Occupational and Repetitive Stress
Your job can be a significant risk factor. A WHO/ILO systematic review found that workers exposed to ergonomic risk factors for two or more hours per day, including kneeling, squatting, heavy lifting, repetitive movements, and forceful exertion, had roughly 2.2 times the risk of developing knee or hip osteoarthritis compared to workers with low exposure.
This means construction workers, farmers, floor layers, warehouse workers, and others whose jobs demand sustained physical loading on specific joints face meaningfully higher risk. The damage accumulates over years and decades. Unlike a single traumatic injury, occupational wear produces chronic low-level damage that overwhelms the cartilage’s repair capacity gradually. The pattern of arthritis often reflects the specific demands of the job: knee osteoarthritis in workers who kneel or squat, hip osteoarthritis in those who climb or lift heavy loads repeatedly.

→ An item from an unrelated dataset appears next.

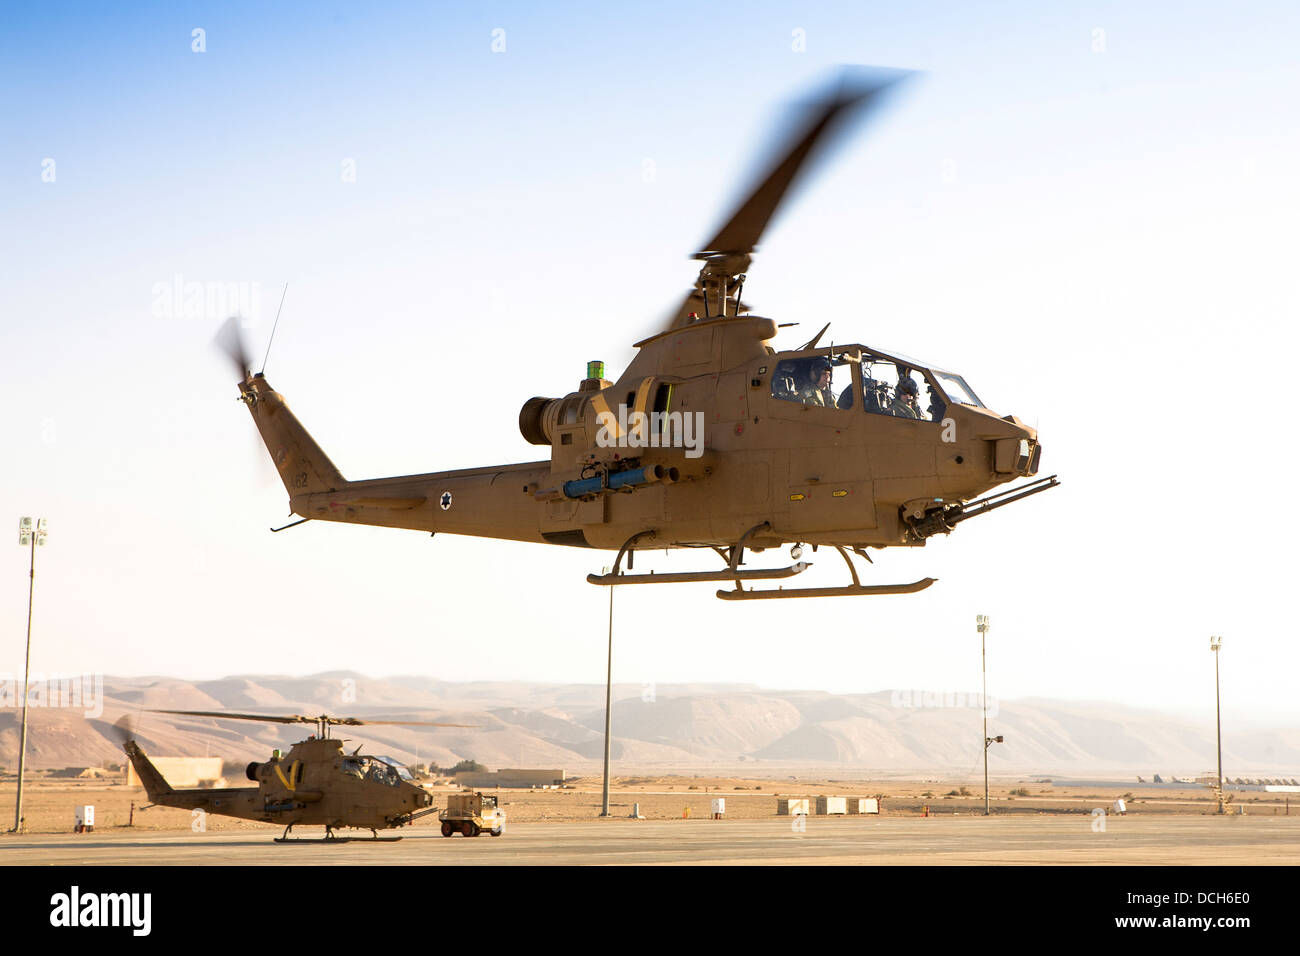 Israeli Air force (IAF) helicopter, Bell AH-1 Cobra in flight Stock Photo

Genetics and Joint Alignment
Osteoarthritis runs in families, particularly for hand and hip involvement. Genetic factors influence the thickness and resilience of your cartilage, the shape and alignment of your joints, and how aggressively your immune system responds to joint damage. If your parents or siblings developed osteoarthritis, your own cartilage may be inherently less durable or your inflammatory responses more pronounced.
Joint alignment matters independently of genetics. Bow-legged or knock-kneed alignment concentrates force on one side of the knee, accelerating wear in that compartment. Previous fractures that healed with even slight misalignment change the distribution of forces across the joint surface, creating focal points of stress where cartilage deteriorates faster. These structural factors interact with every other risk factor: an overweight person with slight knee malalignment faces compounding risk that neither factor alone would produce.
How Multiple Causes Interact
Osteoarthritis rarely has a single cause. In most cases, several risk factors converge. A postmenopausal woman with a history of knee injury and a physically demanding job is experiencing hormonal, traumatic, and mechanical drivers simultaneously. An overweight man with a family history of arthritis faces metabolic inflammation layered on top of genetic susceptibility. The 113% increase in global osteoarthritis cases since 1990 reflects population aging, rising obesity rates, and longer working lives all pushing in the same direction.
Understanding which factors apply to you matters because some are modifiable. You can’t change your age, sex, or genetics, but maintaining a healthy weight, protecting joints from injury, strengthening the muscles that support vulnerable joints, and modifying repetitive occupational exposures can all slow the process that leads from early cartilage changes to symptomatic disease. Currently, 344 million people live with osteoarthritis severe enough to benefit from rehabilitation, a number that underscores how much room exists for earlier intervention.